Административная система государства была упорядочена и строго
централизована, так что нити управления всеми сторонами хозяйственной
жизни в конечном счете сходились в руках царя, который вникал во все
дела и вопросы. Придавая большое значение личному участию в делах,
Хаммурапи вел интенсивную переписку со своими чиновниками на местах;
нередко и частные лица со своими жалобами или вопросами обращались прямо
к нему. Была проведена важная судебная реформа, которая внедряла
единообразие в судопроизводстве; роль царя в нем усилилась. Во все
большие города, где раньше действовали только храмовые и общинные суды,
были назначены царские судьи из числа чиновников, подчиненных
непосредственно царю. Храмы с их обширными хозяйствами, занимавшими
значительную территорию Месопотамии, которые после падения III династии
Ура пользовались большой самостоятельностью, были вновь в
административном и хозяйственном отношении полностью подчинены царю.
Частная международная торговля была запрещена, и было подтверждено, что
купцы, занимавшиеся ею,— царские чиновники. Внутри большей части
государства была совершенно запрещена продажа земли, кроме городских
участков. Этими мерами, как и «указами о справедливости», о которых
говорилось выше, государство стремилось предотвратить разорение и
обезземеливание населения. 

Старовавилонское общество.

Общество Южной Месопотамии начала II тысячелетия до н.э. во многом
отличалось от общества предшествовавшего тысячелетия. Месопотамия уже не
распадалась на отдельные номы, существовало явственное стремление к
единству страны. Главной задачей общества было самовоспроизводство и
самоподдержание, в том числе и поддержание этого единства. На достижение
этой цели направлялись все общественные силы — социальные, религиозные,
экономические. 

$

Как нам представляется, старовавилонскую экономику уже нельзя делить на
сектор государственный и сектор общинно-частный: в ней приходится
различать секторы собственно государственный и государственно-общинный:
и тот и другой находились под государственным контролем. Внутри обоих
этих секторов существовали, по-видимому, два основных типа хозяйств:
крупные и мелкие. К крупным хозяйствам относились государственное,
храмовые, а также хозяйства царя, вельмож и крупных чиновников. К мелким
относились хозяйства общинников, рядовых служащих государственного или
храмовых хозяйств, земледельцев, обрабатывающих казенную землю за часть
урожая. Производство в мелких хозяйствах носило натуральный характер, и
небольшой излишек продуктов, который мог в них образовываться в
благоприятные по климатическим условиям годы после уплаты всех налогов,
составлял их запасной и обменный фонд. Излишки продуктов, которые могли
служить товарами для торговли, накапливались в крупных хозяйствах, и
прежде всего такими излишками могло располагать само государство. 

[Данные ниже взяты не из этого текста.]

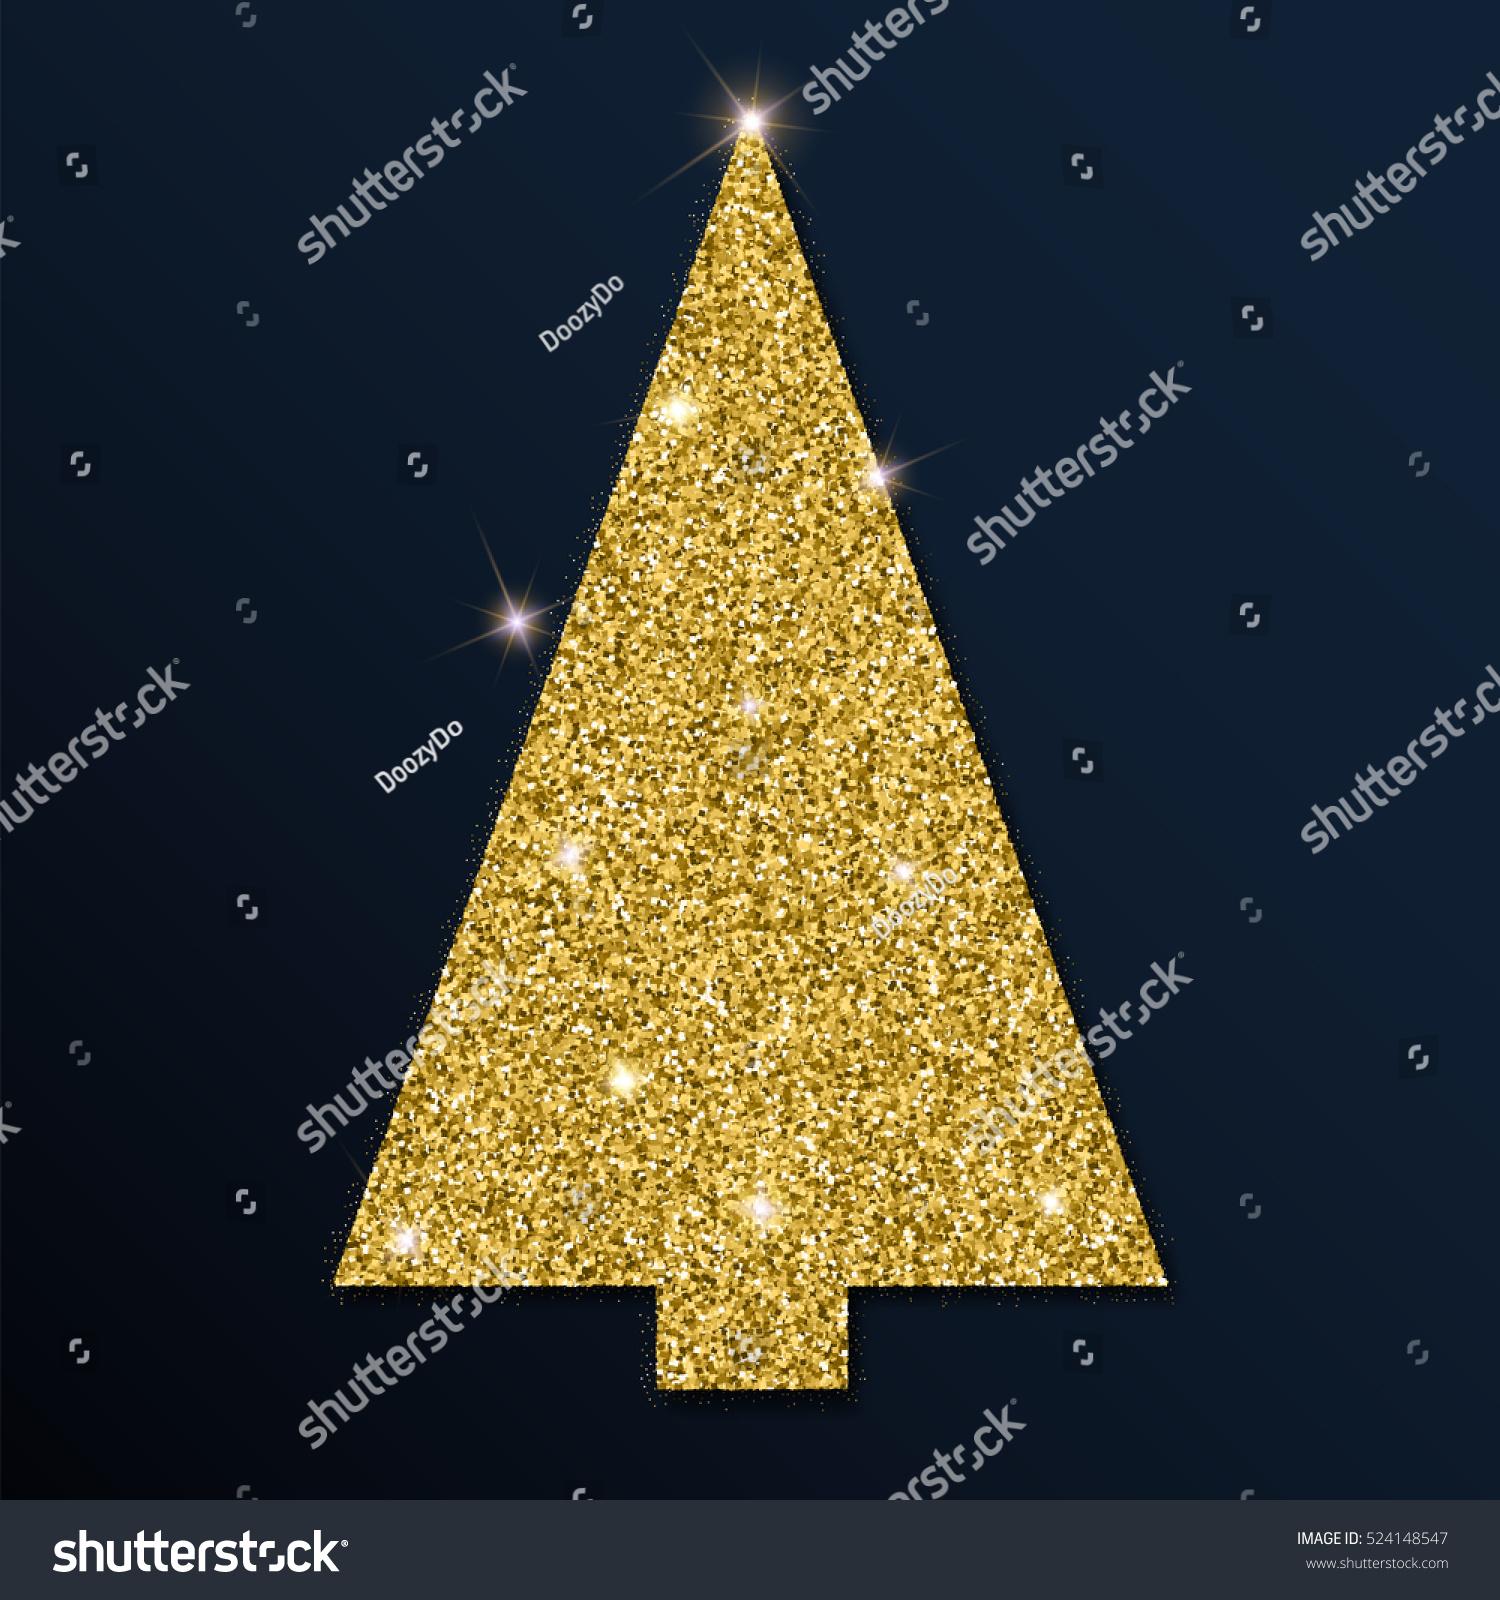 golden glitter unique christmas tree luxurious christmas design element with golden glitter christmas tree - Unique Christmas Trees
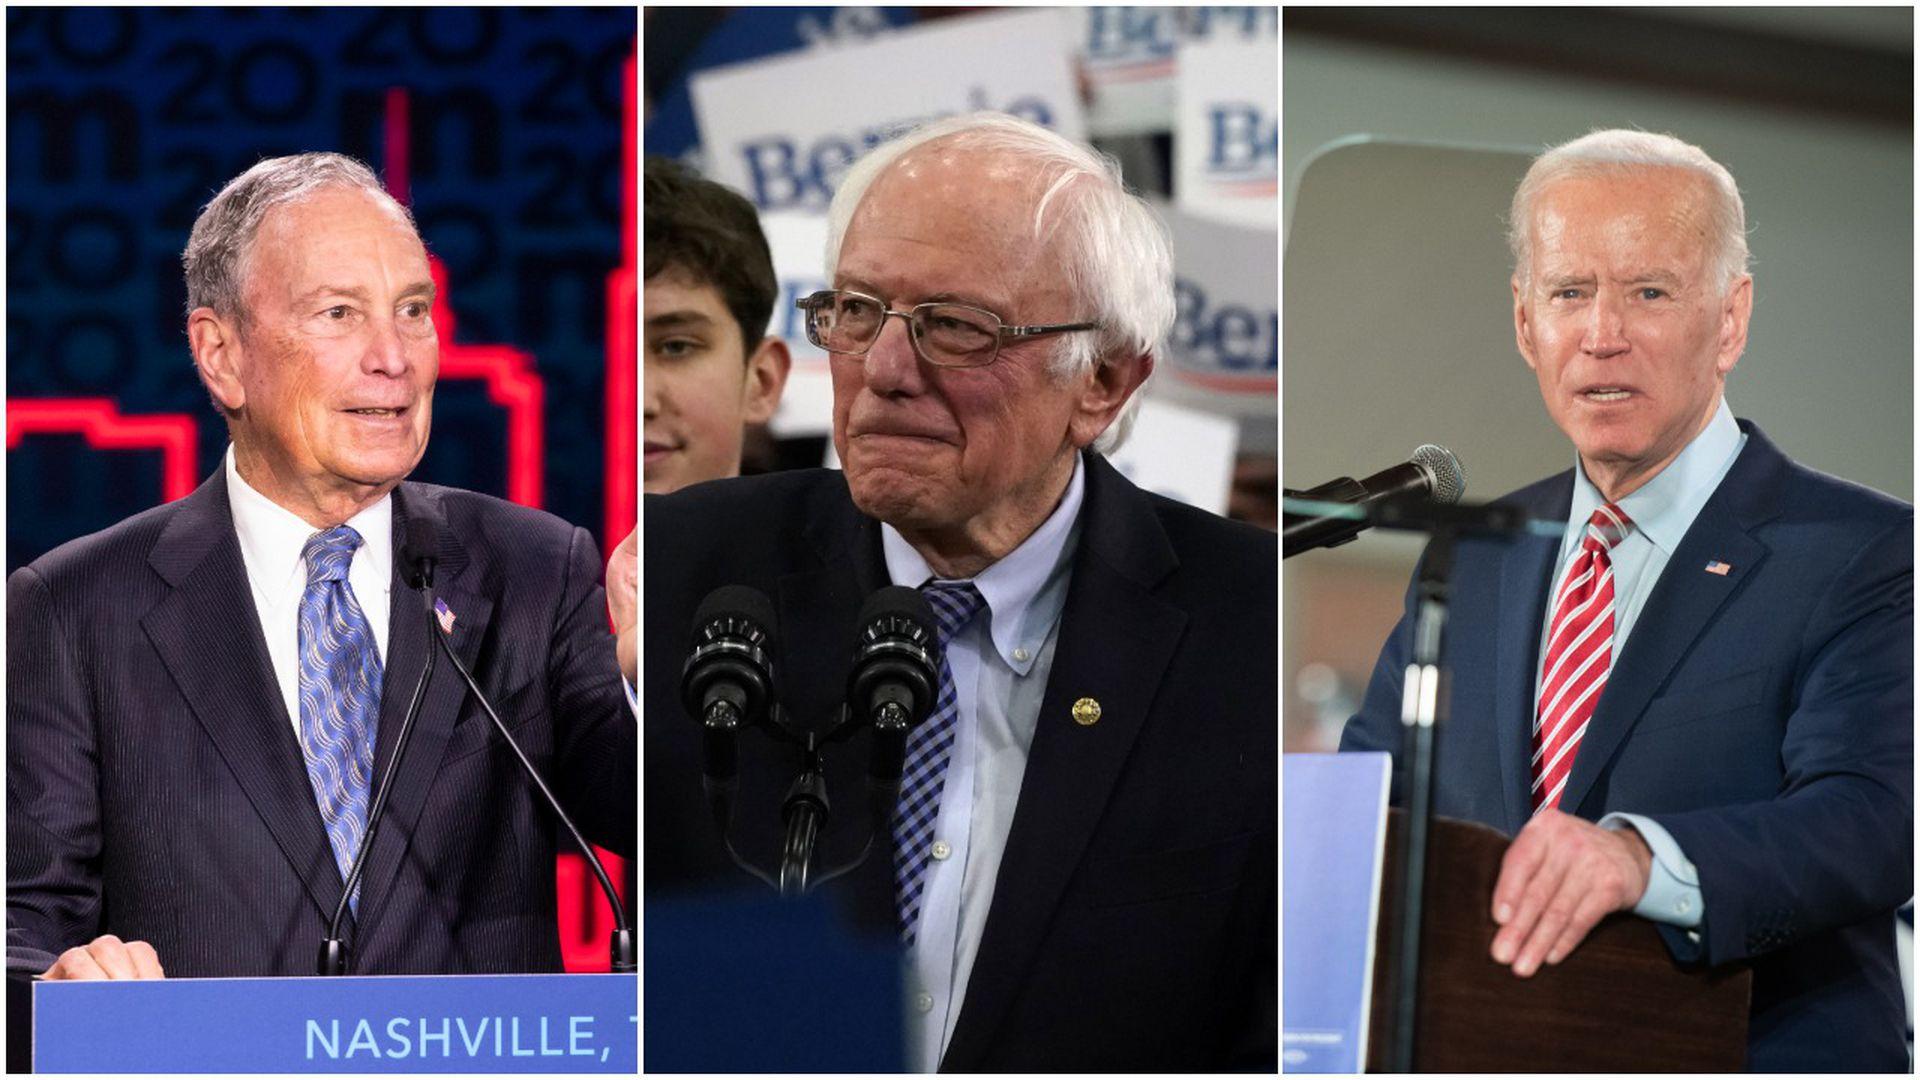 Super Tuesday: Israel partisans work to block Sanders' nomination

Характер производства остался в принципе тот же, что и при III династии
Ура, однако экономические условия изменились в силу описанных выше
причин: увеличение масштабов государства вело к усилению
государственного экономического сектора и управленческого аппарата.
Товарно-денежные отношения, которые могли бы быть регулятором
экономического механизма, были обращены главным образом возне; внутри
себя крупные хозяйства (государства и храмы) были автаркичны, а мелкие —
тем более, и общество вырабатывало другие методы и способы регулирования
экономики, в частности товарообмена, — такие способы, которые могли бы
действовать в рамках главной общественной задачи: в новых экономических
условиях и сообразуясь с ними поддерживать стабильное
самовоспроизводство общества. 

В числе этих методов, частично унаследованных от шумерской экономики, а
частично выработанных в старовавилонский период, были следующие: твердые
ставки роста на кредит и система государственного кредитования частных
лиц (через тамкаров, которые были прежде всего сборщиками налогов, но
ведали и торговыми и другими денежными доходами государства);
периодическое возвращение по государственному указу некоторых видов
проданной недвижимости первоначальному владельцу и освобождение
кабальных рабов; государственное принудительное ценообразование и
некоторые другие. 

Как известно, из-за бедности природных ресурсов Месопотамия была
вынуждена импортировать целый ряд жизненно необходимых ей материалов, в
первую очередь металл, нужный для изготовлення сельскохозяйственных
орудий. Между народный товарообмен был насущной потребностью для
Месопотамии с древнейших времен. Он составлял важный элемент ее
экономической структуры, т.е. был одной из составных частей того целого,
воспроизводство которого было главной целью общества. Государство,
осуществляя свои функции по поддержанию общественной стабильности,
держало в своих руках и под своим контролем и эту часть экономической
структуры общества. Международный товарообмен был одним из наиболее
значимых звеньев в деятельности государственного аппарата. Для этой
торговли государство использовало излишки продуктов, которыми oнo
располагало. Различные привозные товары, которые поступали в обмен на
эти продукты в казну, расходовались на нужды государства и частично
распределялись между администрацией и персоналом государственного
хозяйства. Тамкары (торговые агенты) н другие официальные лица, занятые
в международном обмене, по-видимому, постепенно привлекали к этой
торговле свои частные ресурсы и пытались наряду с исполнением своих
служебных обязанностей делать собственный бизнес. 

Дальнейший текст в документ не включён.